**Your goal**
Print the data exactly. Omit the pictures.

**Provided material**
= = = =

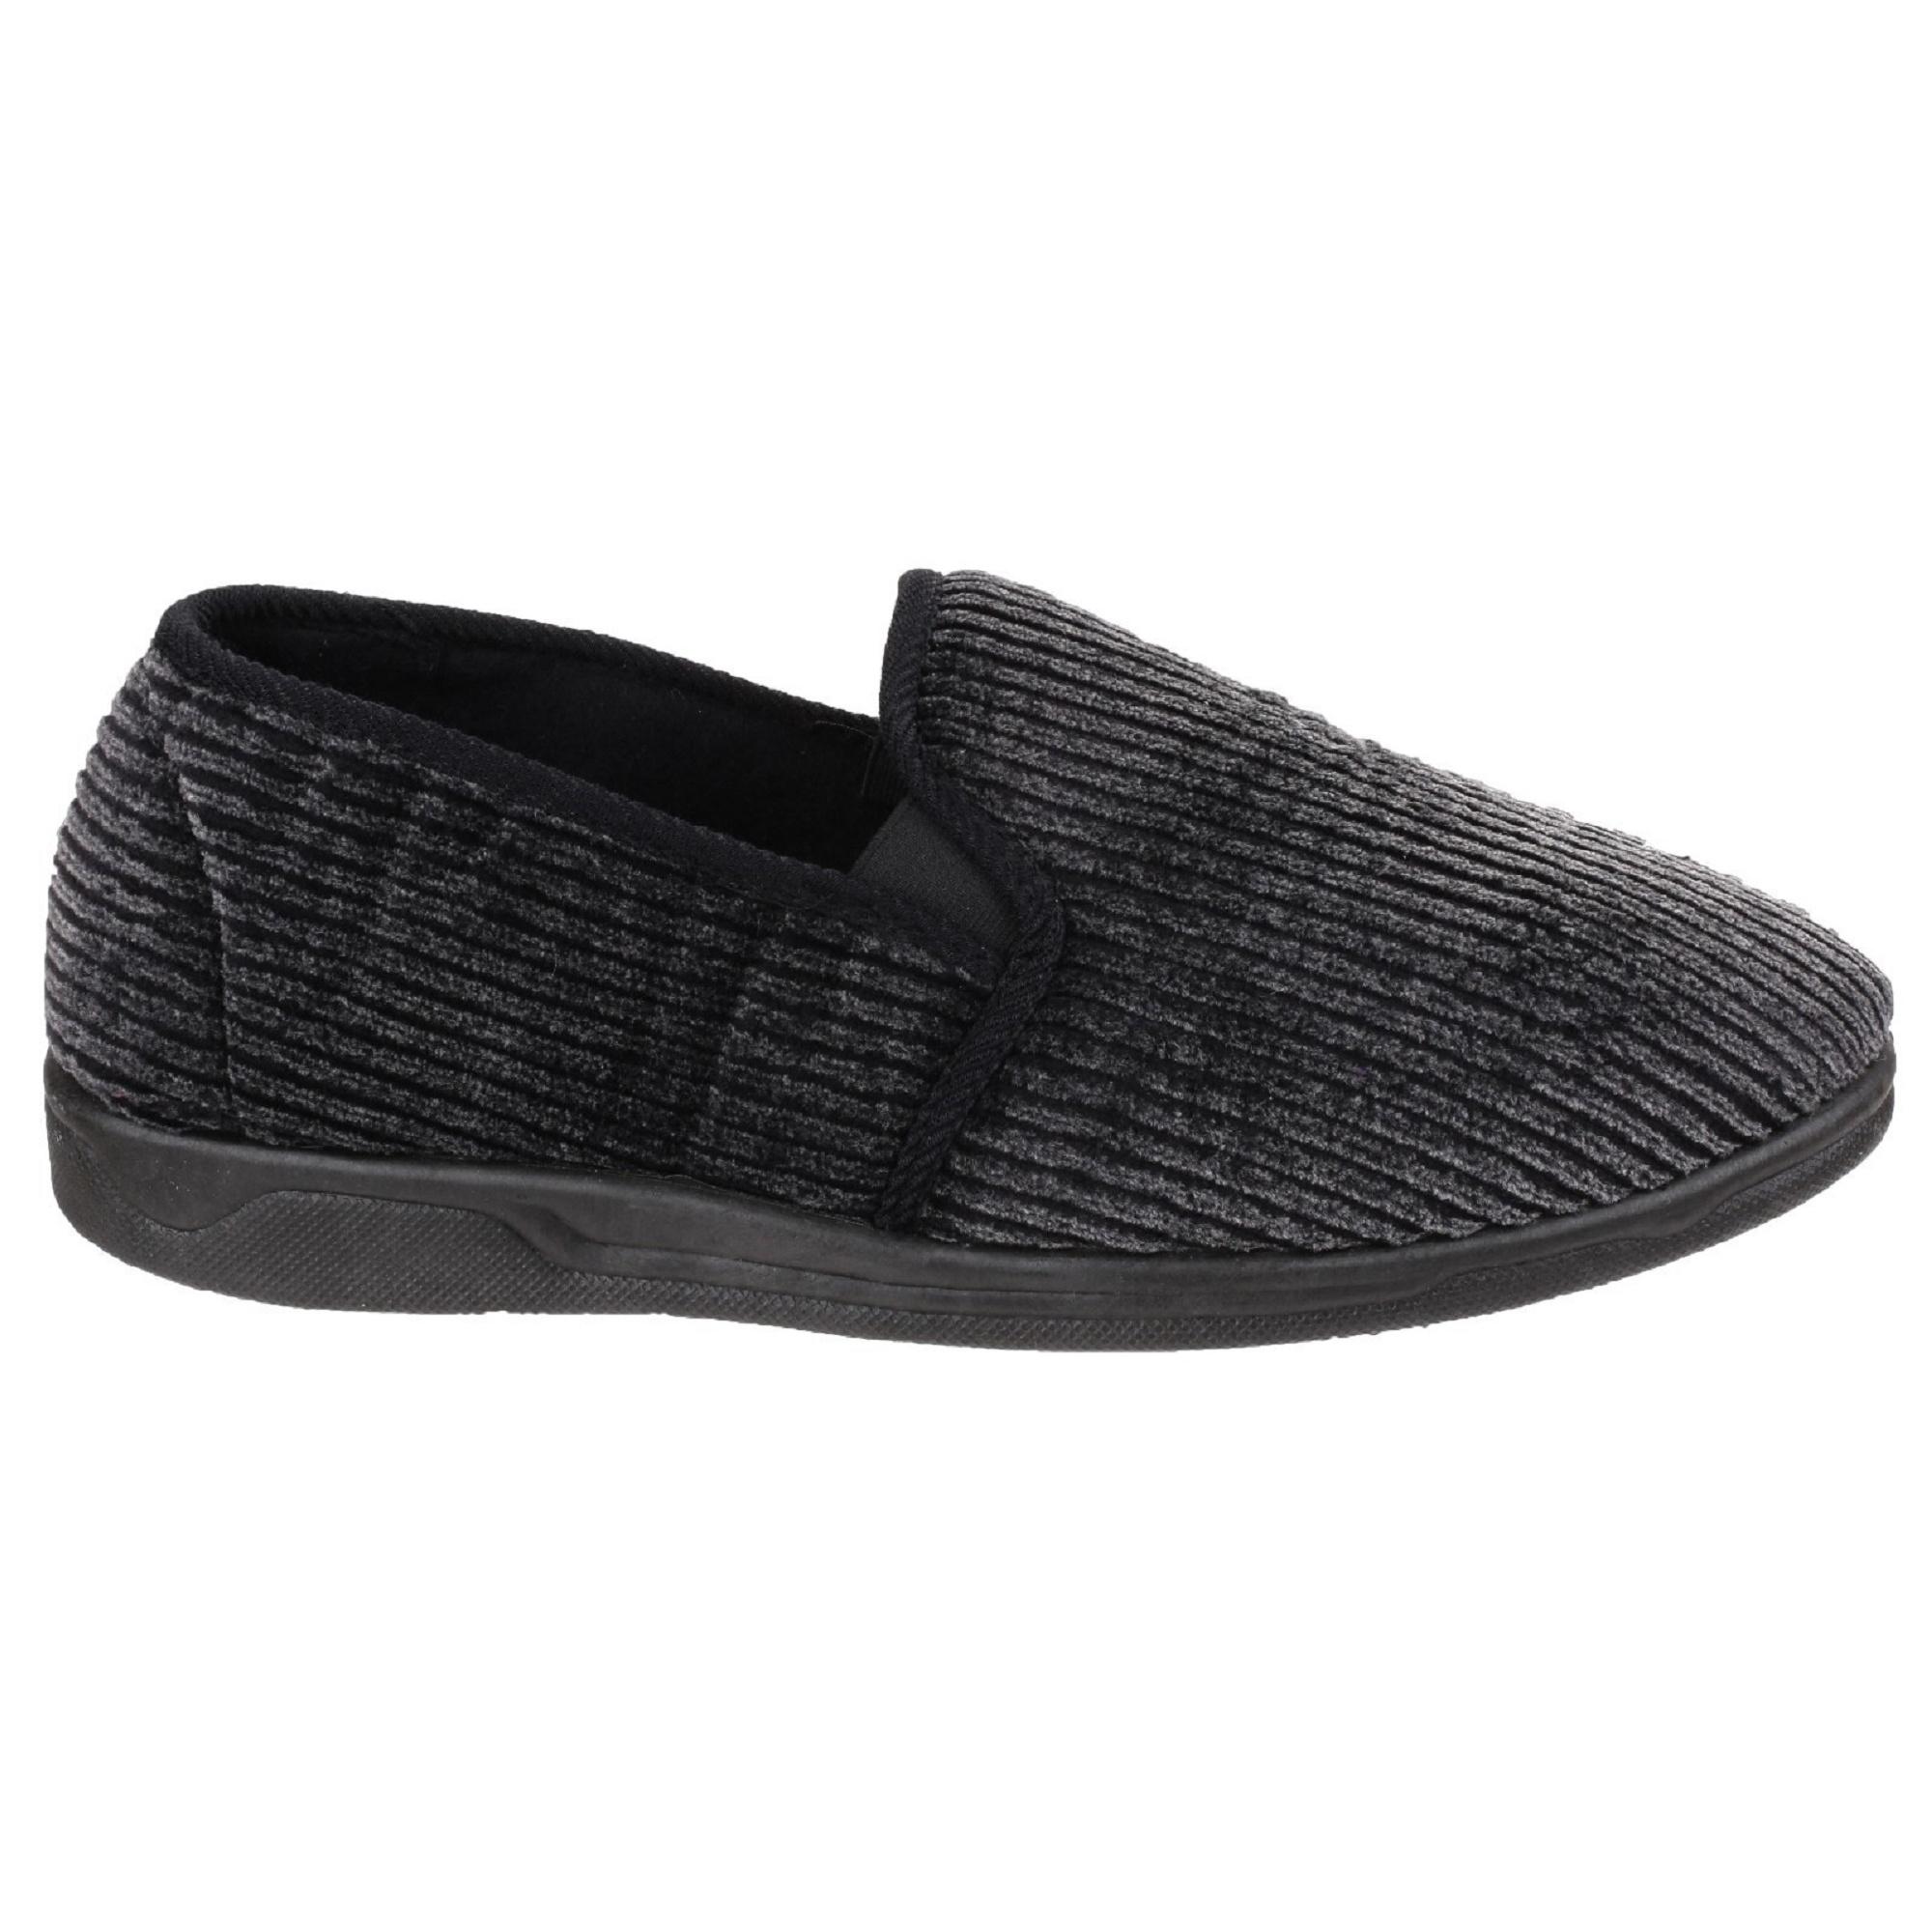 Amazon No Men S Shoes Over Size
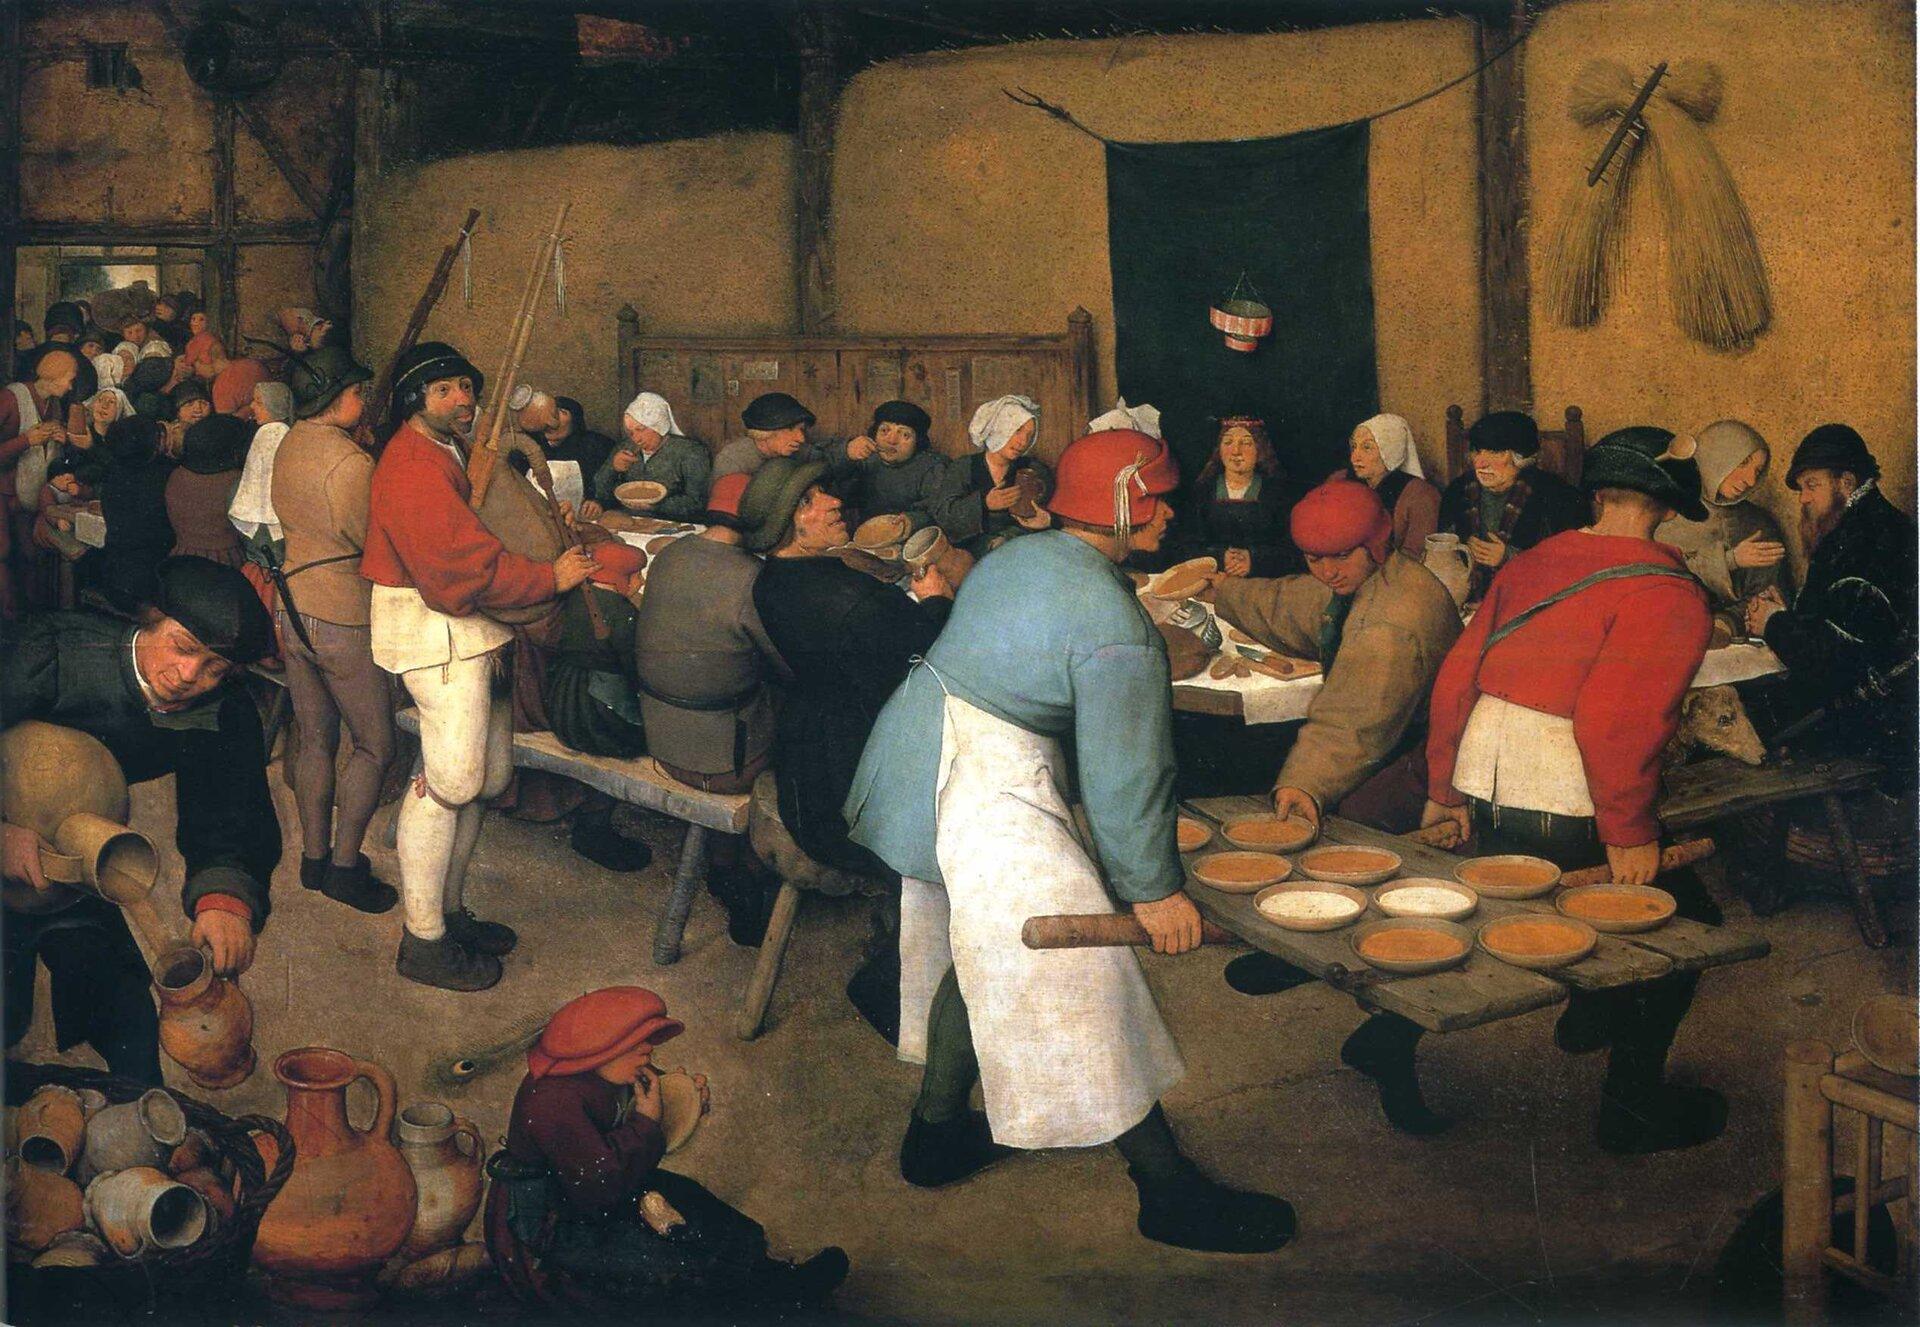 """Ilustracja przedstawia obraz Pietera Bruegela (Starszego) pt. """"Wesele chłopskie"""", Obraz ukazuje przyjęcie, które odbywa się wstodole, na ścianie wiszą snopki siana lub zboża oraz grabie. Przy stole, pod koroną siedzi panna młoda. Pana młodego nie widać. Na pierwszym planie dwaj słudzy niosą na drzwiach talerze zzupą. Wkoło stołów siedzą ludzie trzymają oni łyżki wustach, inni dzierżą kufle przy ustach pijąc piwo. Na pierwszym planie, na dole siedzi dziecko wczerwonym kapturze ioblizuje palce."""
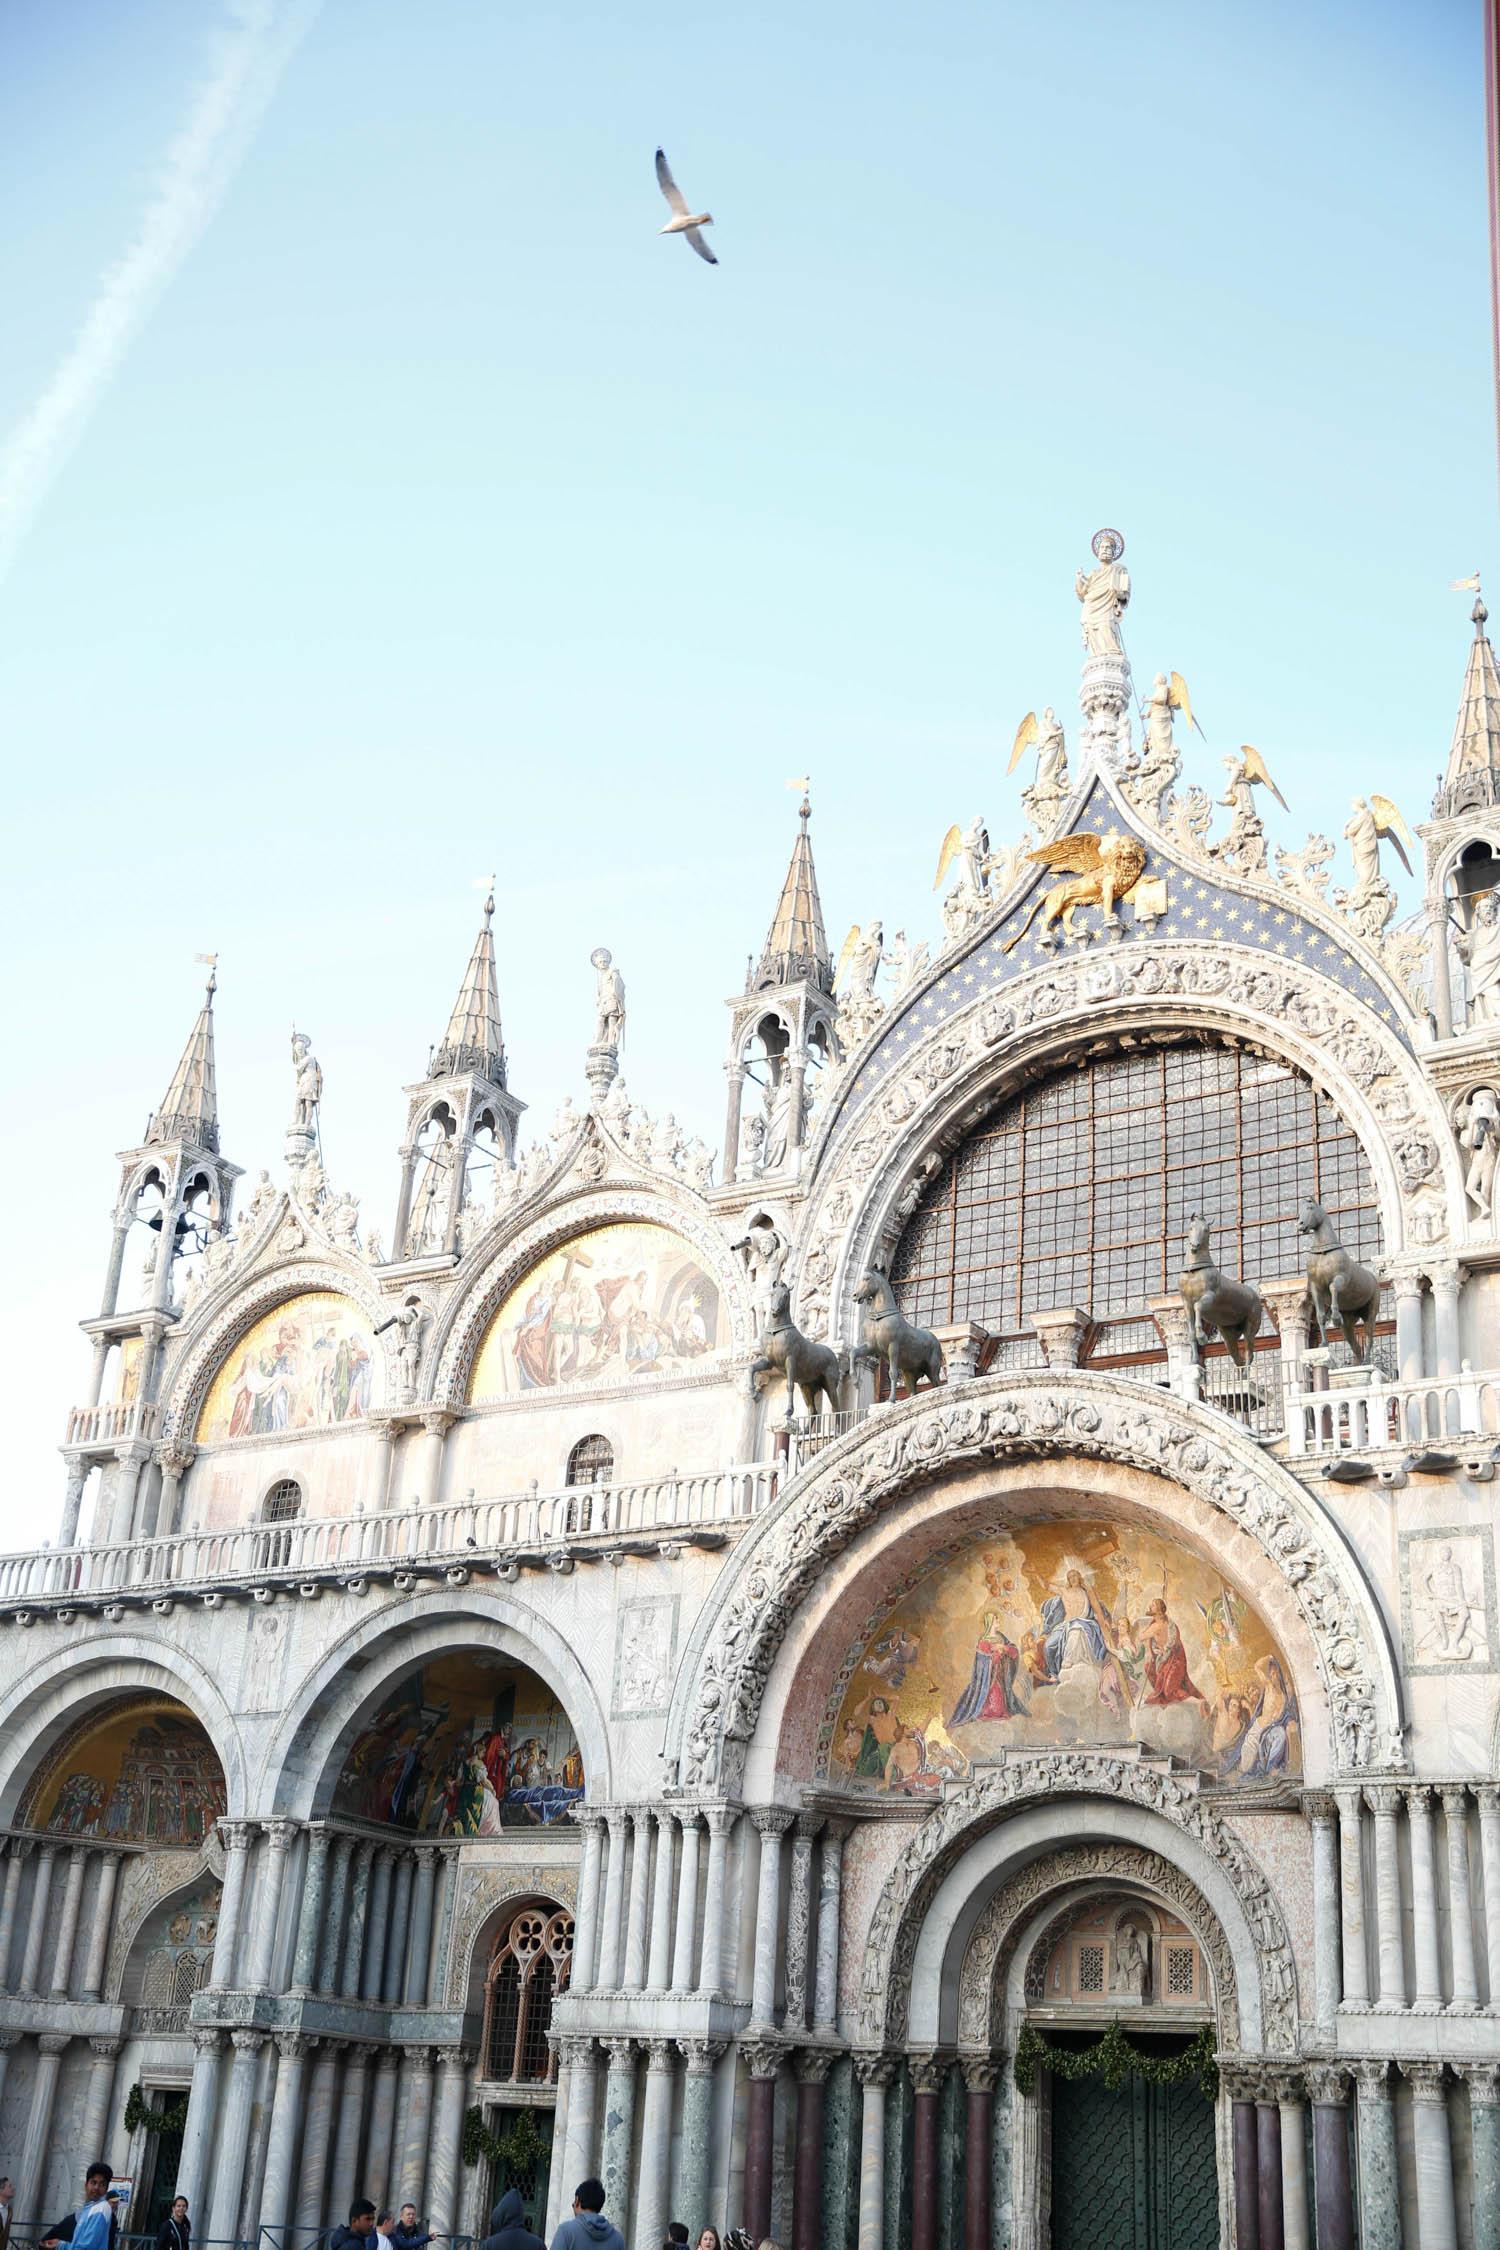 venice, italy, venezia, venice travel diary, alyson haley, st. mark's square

= = = =

**Answer space**
 Amazon No Men S Shoes Over Size
 """Ilustracja przedstawia obraz Pietera Bruegela (Starszego) pt. """"Wesele chłopskie"""", Obraz ukazuje przyjęcie, które odbywa się wstodole, na ścianie wiszą snopki siana lub zboża oraz grabie. Przy stole, pod koroną siedzi panna młoda. Pana młodego nie widać. Na pierwszym planie dwaj słudzy niosą na drzwiach talerze zzupą. Wkoło stołów siedzą ludzie trzymają oni łyżki wustach, inni dzierżą kufle przy ustach pijąc piwo. Na pierwszym planie, na dole siedzi dziecko wczerwonym kapturze ioblizuje palce."""
 venice, italy, venezia, venice travel diary, alyson haley, st. mark's square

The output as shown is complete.